=== Records ===
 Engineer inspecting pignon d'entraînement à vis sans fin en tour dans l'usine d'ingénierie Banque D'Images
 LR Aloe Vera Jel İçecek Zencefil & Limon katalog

==

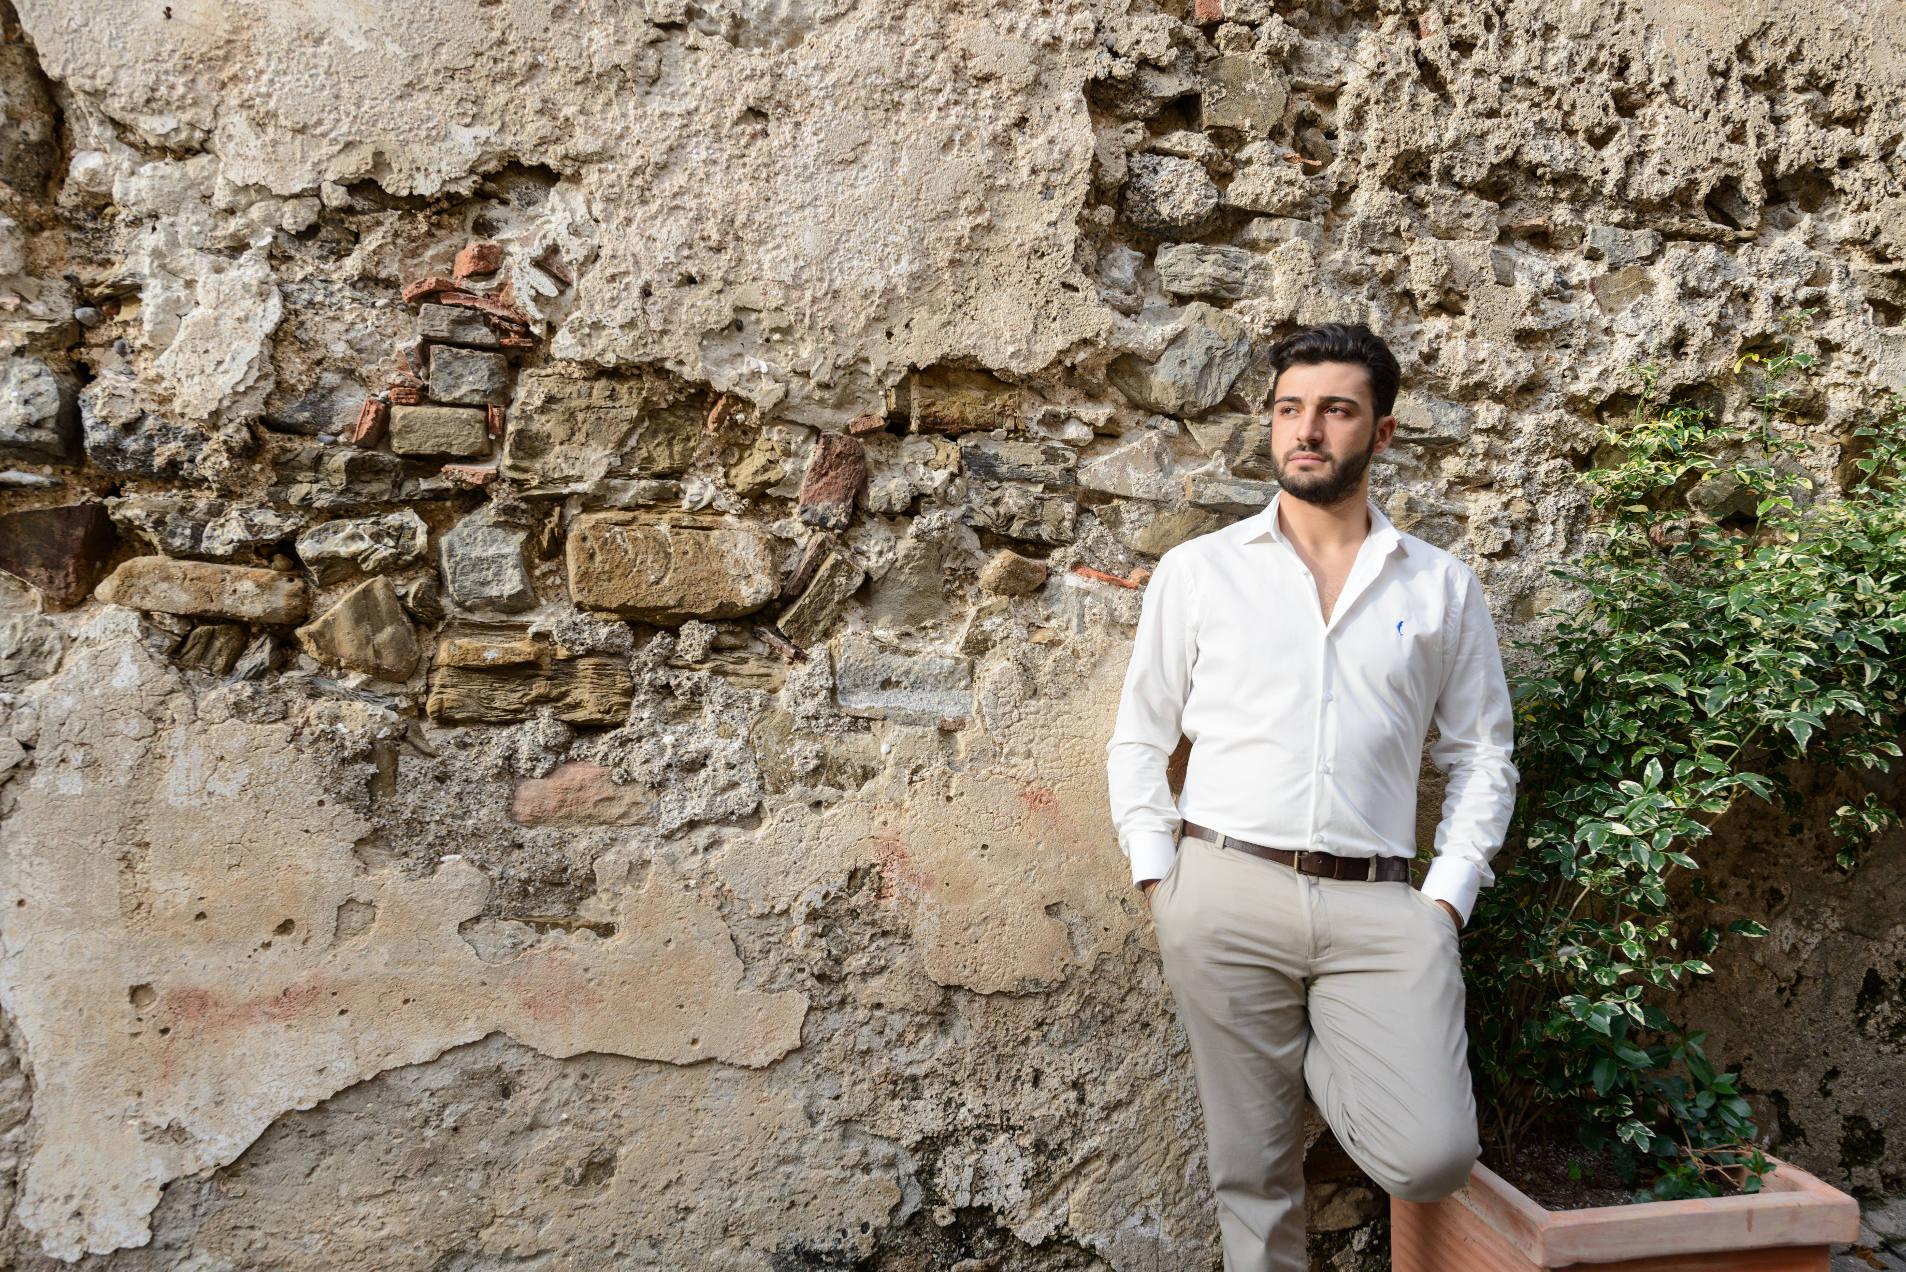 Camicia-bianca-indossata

=== Try it ===
Scan the records above for the lines holding "Engineer inspecting pignon" and "LR Aloe Vera". Transcribe those two and every line between them word for word, and no others.

=== Exercise result ===
 Engineer inspecting pignon d'entraînement à vis sans fin en tour dans l'usine d'ingénierie Banque D'Images
 LR Aloe Vera Jel İçecek Zencefil & Limon katalog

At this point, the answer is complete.